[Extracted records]
++++++++
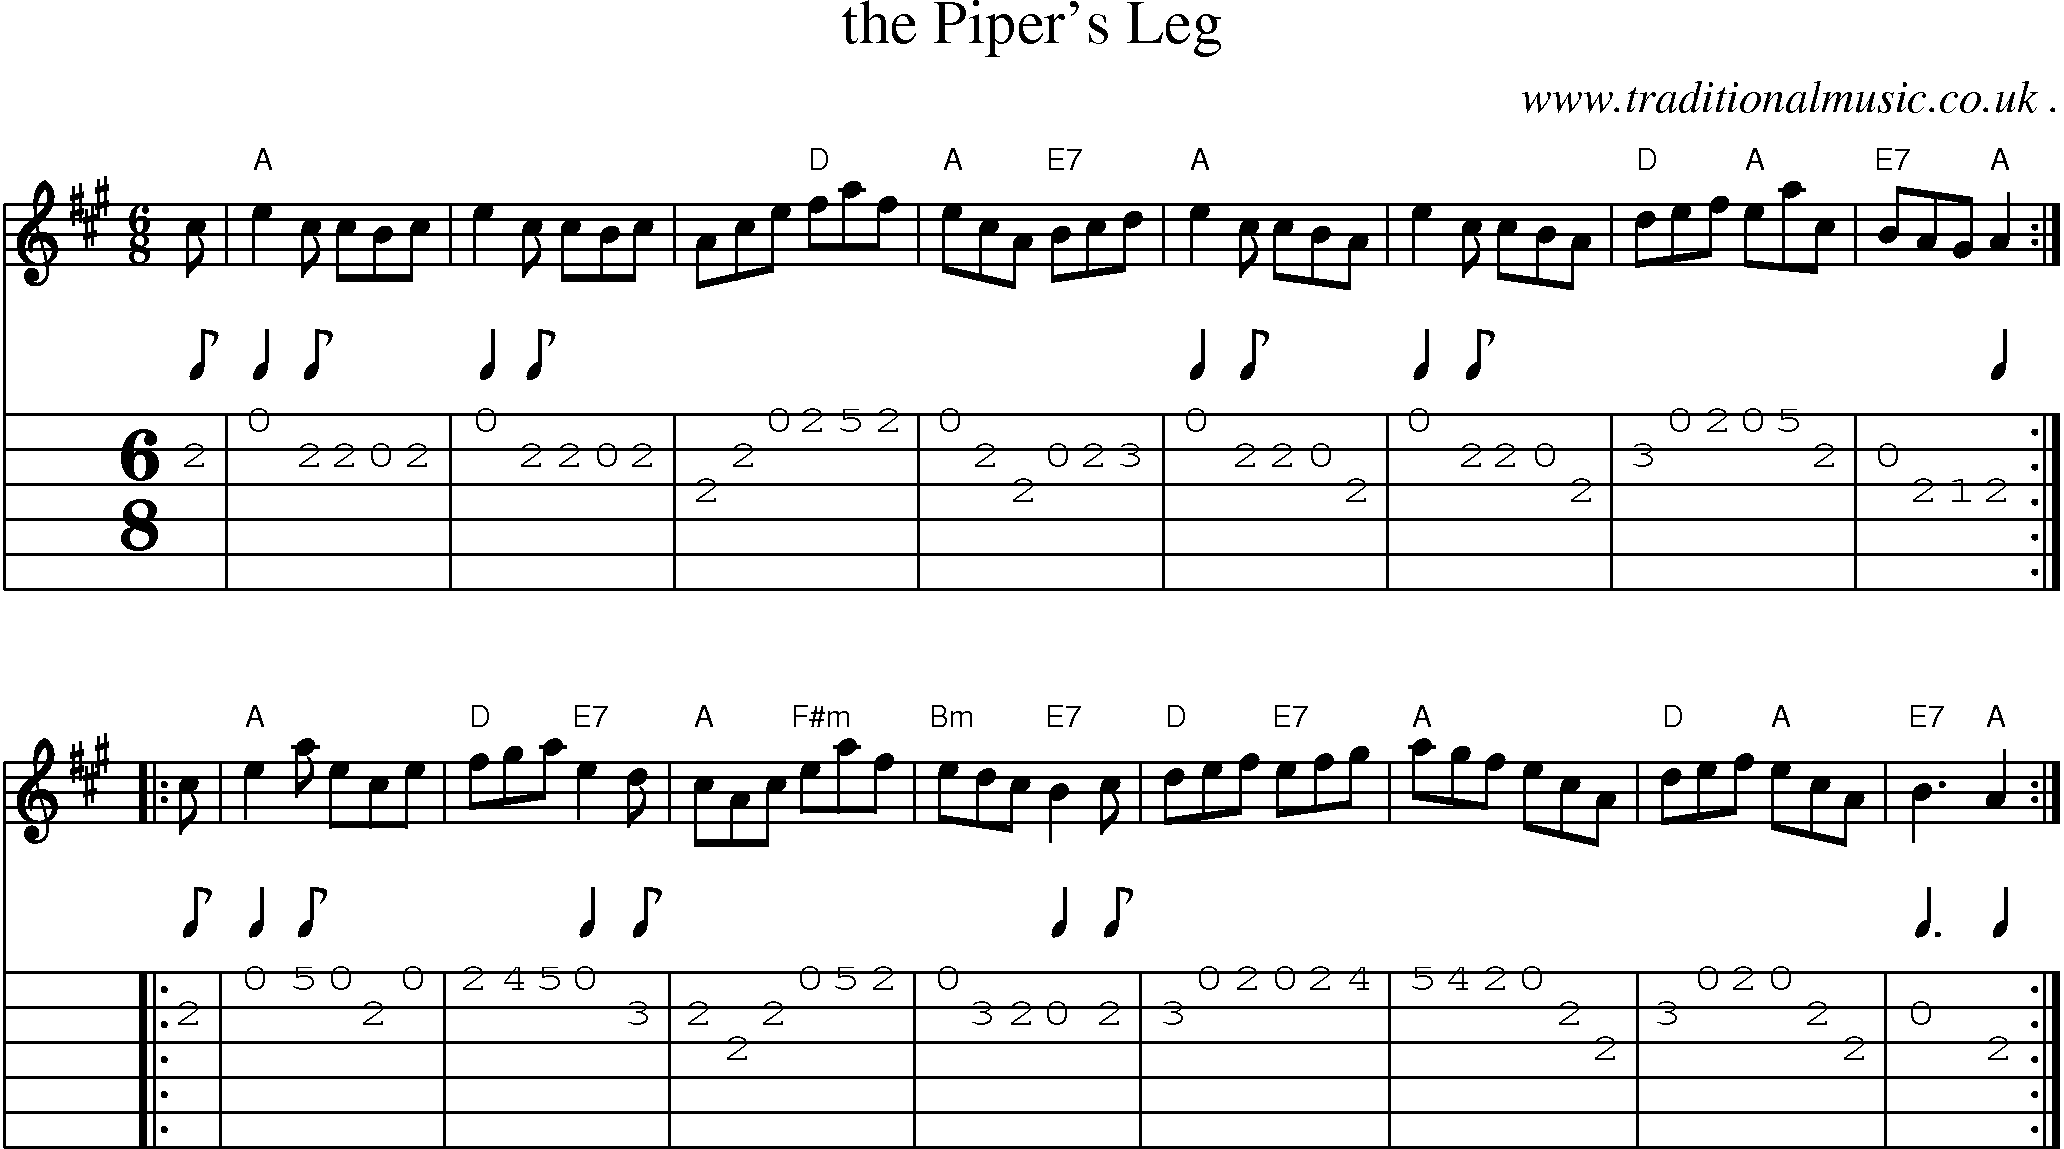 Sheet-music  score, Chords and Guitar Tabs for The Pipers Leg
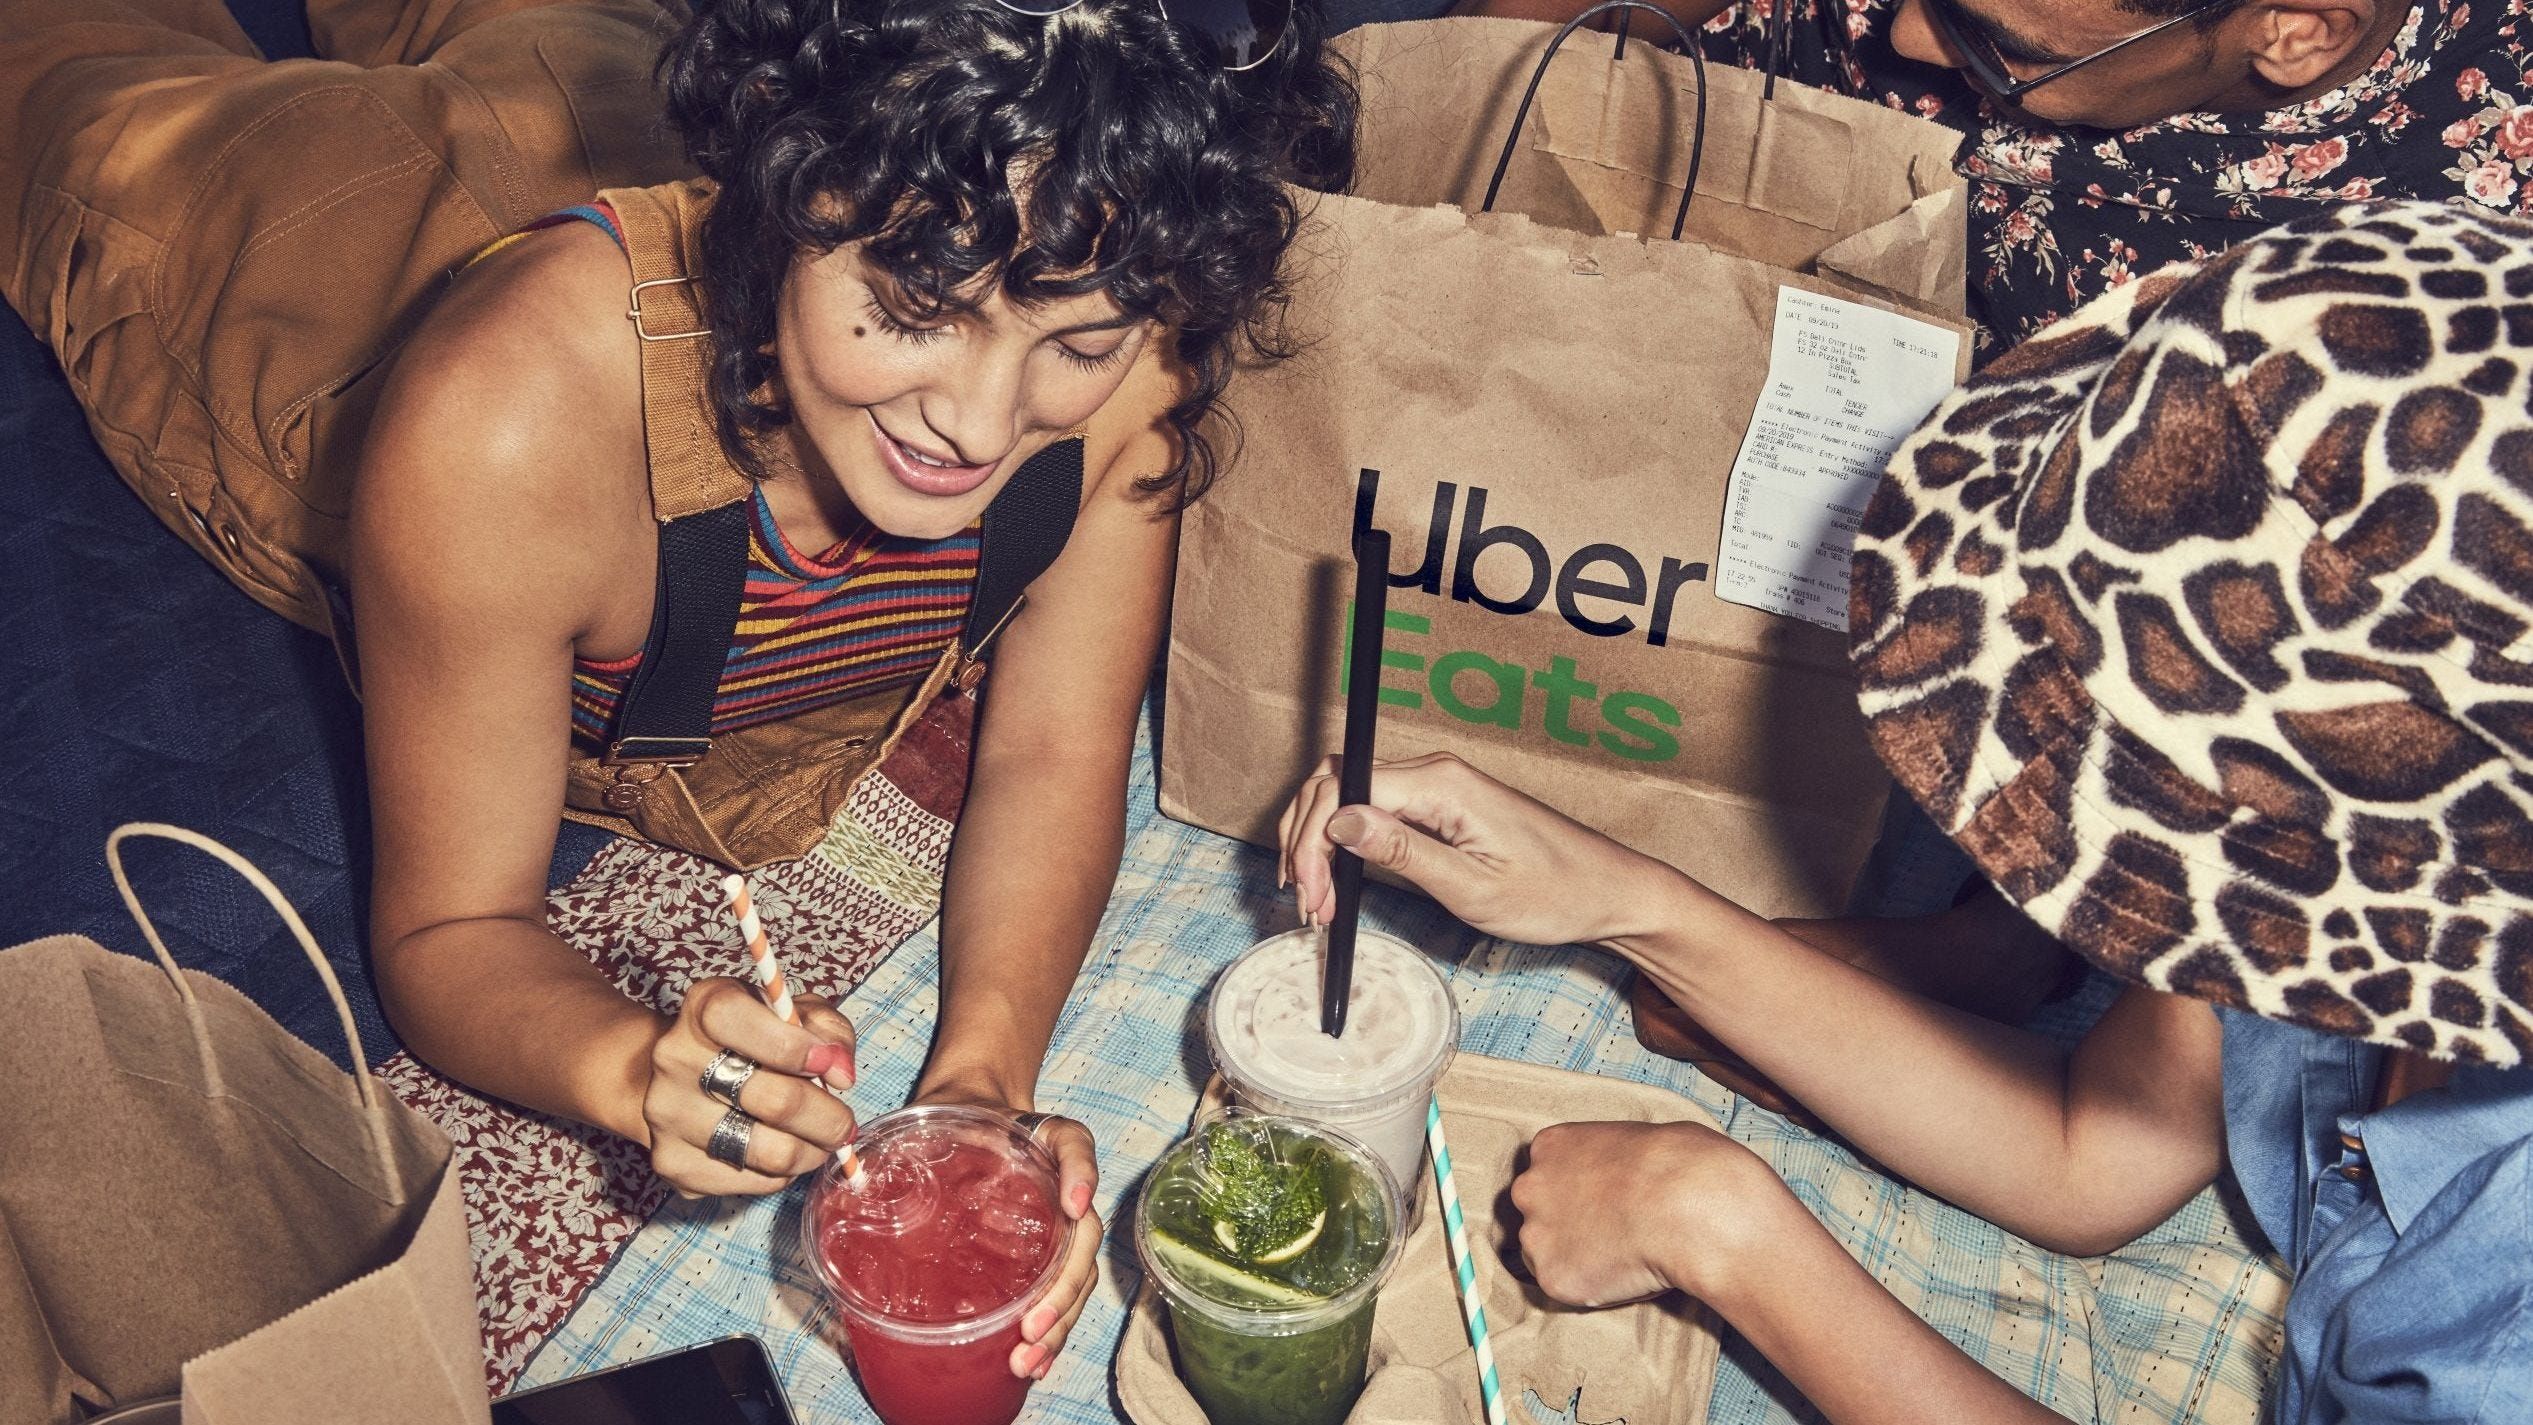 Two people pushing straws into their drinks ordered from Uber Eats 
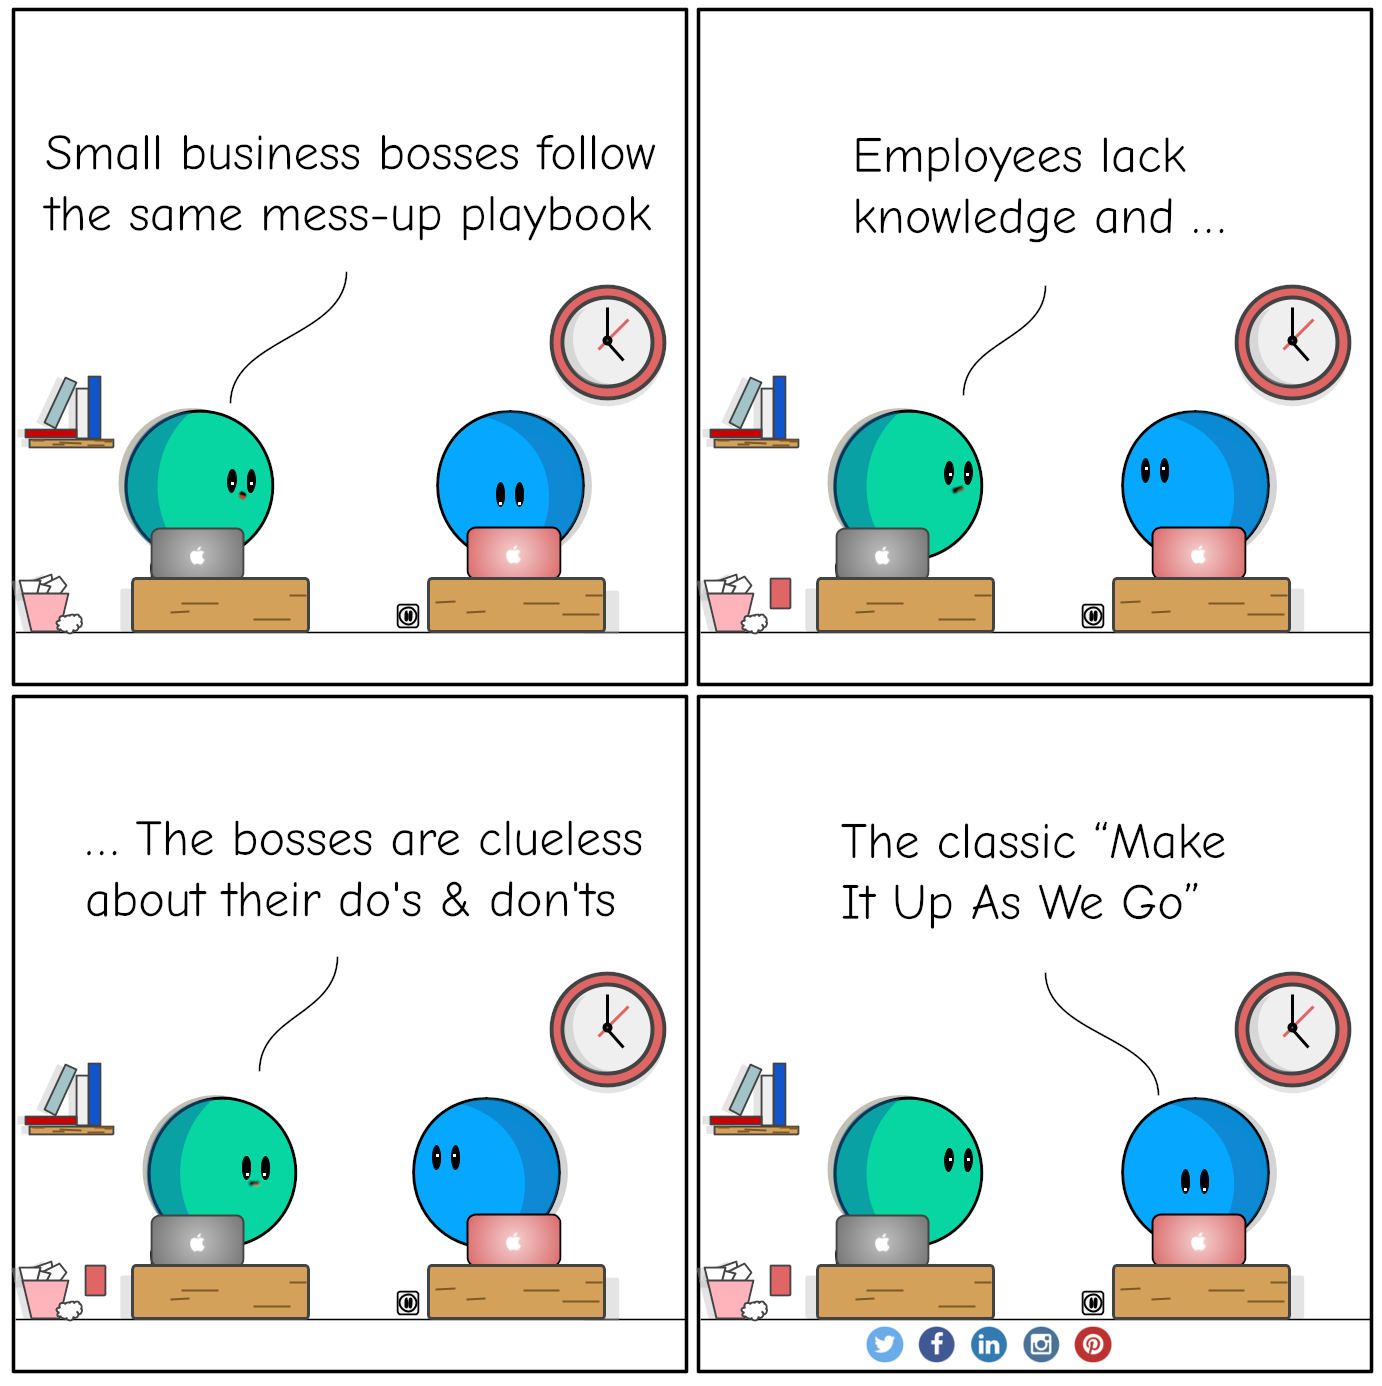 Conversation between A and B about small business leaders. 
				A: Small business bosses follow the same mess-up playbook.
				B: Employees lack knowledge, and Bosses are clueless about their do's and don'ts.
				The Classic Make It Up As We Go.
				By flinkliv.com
++++++++
Required work:
Beginning with the line holding "Conversation between A", copy each line exactly through the end of the records above, and leave every picture out.

Answer box:
 Conversation between A and B about small business leaders. 
				A: Small business bosses follow the same mess-up playbook.
				B: Employees lack knowledge, and Bosses are clueless about their do's and don'ts.
				The Classic Make It Up As We Go.
				By flinkliv.com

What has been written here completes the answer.